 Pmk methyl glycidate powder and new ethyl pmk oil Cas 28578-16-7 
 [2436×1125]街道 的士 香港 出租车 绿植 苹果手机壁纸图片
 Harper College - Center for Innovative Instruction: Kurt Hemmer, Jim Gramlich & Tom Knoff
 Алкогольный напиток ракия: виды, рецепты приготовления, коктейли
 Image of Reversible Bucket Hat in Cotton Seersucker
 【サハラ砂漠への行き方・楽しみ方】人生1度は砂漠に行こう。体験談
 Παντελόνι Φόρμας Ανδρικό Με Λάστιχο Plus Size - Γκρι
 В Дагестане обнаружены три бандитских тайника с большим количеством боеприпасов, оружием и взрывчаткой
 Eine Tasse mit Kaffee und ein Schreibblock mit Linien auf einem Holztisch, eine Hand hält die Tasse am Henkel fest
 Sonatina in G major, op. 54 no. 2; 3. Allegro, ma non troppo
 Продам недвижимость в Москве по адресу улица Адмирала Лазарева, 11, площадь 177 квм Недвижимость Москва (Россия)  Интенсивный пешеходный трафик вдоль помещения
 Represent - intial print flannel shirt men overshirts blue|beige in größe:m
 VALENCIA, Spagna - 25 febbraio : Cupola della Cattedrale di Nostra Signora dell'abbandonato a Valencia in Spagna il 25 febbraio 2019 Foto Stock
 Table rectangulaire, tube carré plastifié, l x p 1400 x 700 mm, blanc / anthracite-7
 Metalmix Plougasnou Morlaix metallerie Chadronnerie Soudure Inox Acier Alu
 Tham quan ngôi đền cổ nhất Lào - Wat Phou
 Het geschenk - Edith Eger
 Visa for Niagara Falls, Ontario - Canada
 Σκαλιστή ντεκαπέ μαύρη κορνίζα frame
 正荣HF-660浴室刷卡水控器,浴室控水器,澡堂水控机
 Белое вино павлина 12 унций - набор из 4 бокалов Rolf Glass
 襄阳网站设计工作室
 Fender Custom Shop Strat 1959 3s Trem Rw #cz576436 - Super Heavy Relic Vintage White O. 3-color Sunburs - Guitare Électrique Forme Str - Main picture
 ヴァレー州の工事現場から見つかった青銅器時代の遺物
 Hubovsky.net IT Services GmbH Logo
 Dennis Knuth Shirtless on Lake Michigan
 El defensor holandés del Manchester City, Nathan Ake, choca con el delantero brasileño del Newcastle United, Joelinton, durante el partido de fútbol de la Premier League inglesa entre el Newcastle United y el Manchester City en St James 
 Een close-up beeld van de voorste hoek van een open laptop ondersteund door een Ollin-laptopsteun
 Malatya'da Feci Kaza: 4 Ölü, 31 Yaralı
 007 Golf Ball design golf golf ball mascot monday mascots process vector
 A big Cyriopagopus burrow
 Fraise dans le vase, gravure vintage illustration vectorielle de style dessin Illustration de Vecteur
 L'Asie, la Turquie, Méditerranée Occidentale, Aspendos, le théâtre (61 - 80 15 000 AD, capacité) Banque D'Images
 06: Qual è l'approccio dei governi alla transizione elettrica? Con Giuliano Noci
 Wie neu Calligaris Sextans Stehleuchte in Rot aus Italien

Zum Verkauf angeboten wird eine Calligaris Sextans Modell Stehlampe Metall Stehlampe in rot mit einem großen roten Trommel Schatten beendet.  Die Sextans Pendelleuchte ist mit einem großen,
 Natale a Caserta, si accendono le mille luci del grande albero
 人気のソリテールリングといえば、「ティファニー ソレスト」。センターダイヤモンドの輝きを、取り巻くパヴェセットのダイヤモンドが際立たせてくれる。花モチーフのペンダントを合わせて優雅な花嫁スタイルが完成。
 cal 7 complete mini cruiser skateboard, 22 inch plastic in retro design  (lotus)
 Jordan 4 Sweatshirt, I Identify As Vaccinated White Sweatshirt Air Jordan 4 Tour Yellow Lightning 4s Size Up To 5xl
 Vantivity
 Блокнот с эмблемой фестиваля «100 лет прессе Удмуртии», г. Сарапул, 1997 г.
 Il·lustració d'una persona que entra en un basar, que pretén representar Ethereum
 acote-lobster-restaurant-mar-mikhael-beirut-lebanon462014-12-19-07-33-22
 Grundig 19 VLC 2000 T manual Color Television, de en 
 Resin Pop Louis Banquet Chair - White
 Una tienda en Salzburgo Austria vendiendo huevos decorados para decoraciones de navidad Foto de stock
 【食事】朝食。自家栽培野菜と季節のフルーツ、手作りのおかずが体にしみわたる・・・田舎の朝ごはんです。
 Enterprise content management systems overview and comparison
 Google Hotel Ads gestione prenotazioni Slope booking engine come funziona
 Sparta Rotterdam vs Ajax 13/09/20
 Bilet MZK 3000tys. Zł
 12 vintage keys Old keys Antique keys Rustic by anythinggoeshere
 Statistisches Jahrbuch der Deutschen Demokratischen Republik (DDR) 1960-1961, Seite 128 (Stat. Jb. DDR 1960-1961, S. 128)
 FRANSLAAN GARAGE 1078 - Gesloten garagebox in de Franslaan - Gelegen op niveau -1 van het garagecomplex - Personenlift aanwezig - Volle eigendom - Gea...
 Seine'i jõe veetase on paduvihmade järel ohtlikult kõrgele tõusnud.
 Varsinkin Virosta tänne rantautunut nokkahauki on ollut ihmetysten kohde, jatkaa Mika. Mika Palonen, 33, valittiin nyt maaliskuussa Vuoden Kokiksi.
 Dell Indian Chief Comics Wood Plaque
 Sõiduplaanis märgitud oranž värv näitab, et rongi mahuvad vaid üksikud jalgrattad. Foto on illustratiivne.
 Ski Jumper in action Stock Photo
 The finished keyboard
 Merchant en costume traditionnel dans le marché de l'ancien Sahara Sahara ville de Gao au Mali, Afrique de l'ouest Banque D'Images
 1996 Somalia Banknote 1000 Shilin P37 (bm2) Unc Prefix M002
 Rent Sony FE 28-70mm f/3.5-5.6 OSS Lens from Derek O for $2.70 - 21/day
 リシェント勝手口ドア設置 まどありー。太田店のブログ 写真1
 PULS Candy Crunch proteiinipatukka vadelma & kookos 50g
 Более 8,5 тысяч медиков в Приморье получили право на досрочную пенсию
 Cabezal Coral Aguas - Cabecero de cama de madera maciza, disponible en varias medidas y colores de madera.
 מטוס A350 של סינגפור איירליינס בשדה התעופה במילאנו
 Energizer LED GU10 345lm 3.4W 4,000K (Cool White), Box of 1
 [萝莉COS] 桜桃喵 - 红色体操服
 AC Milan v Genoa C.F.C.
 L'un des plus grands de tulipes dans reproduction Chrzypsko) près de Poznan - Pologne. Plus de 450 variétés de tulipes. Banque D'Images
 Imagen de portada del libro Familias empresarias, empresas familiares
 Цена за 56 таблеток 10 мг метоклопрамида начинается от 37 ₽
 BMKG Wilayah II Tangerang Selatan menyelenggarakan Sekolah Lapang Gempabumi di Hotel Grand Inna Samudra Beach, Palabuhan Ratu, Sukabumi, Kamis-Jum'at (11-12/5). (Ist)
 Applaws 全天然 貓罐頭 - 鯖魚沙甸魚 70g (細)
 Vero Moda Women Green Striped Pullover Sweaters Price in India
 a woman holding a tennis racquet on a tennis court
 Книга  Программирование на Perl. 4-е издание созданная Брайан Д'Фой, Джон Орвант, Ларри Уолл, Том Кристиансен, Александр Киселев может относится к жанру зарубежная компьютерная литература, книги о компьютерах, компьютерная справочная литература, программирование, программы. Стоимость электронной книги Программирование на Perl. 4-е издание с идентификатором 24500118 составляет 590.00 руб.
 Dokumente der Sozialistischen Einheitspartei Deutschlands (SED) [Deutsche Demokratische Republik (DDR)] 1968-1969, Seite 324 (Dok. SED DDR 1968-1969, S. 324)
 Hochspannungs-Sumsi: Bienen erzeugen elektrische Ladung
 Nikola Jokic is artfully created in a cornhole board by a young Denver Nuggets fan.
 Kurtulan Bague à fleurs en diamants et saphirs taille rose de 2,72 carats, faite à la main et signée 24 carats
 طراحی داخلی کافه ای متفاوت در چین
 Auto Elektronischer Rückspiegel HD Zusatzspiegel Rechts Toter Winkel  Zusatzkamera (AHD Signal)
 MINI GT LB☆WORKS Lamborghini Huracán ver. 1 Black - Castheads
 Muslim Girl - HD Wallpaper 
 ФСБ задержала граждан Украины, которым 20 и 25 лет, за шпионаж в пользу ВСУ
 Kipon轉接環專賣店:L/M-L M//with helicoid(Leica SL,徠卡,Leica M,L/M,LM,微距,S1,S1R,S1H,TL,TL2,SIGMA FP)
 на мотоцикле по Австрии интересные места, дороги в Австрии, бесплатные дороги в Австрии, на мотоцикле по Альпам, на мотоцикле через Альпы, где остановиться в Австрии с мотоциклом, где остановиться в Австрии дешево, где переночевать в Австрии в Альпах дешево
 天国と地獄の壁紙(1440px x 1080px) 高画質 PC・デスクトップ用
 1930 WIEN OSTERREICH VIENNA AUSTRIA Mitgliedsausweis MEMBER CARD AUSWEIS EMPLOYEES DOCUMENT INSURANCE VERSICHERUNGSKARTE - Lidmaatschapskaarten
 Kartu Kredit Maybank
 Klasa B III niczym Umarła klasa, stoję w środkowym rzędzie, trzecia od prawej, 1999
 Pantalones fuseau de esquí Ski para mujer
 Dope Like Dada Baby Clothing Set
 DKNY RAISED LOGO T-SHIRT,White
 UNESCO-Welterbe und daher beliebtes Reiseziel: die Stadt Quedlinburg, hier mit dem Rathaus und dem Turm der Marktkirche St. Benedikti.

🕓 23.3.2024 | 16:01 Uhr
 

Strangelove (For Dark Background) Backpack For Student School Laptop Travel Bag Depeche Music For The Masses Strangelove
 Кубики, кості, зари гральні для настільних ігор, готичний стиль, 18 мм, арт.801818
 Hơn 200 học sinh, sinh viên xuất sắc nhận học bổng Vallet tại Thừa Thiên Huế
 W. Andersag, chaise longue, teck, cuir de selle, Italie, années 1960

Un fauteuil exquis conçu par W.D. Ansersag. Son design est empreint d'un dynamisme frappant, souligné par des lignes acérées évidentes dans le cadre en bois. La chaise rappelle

=-=-=

Problem statement: Using the listing above, return all lines where the word "chaise" occurs.

Output below:
 W. Andersag, chaise longue, teck, cuir de selle, Italie, années 1960
Un fauteuil exquis conçu par W.D. Ansersag. Son design est empreint d'un dynamisme frappant, souligné par des lignes acérées évidentes dans le cadre en bois. La chaise rappelle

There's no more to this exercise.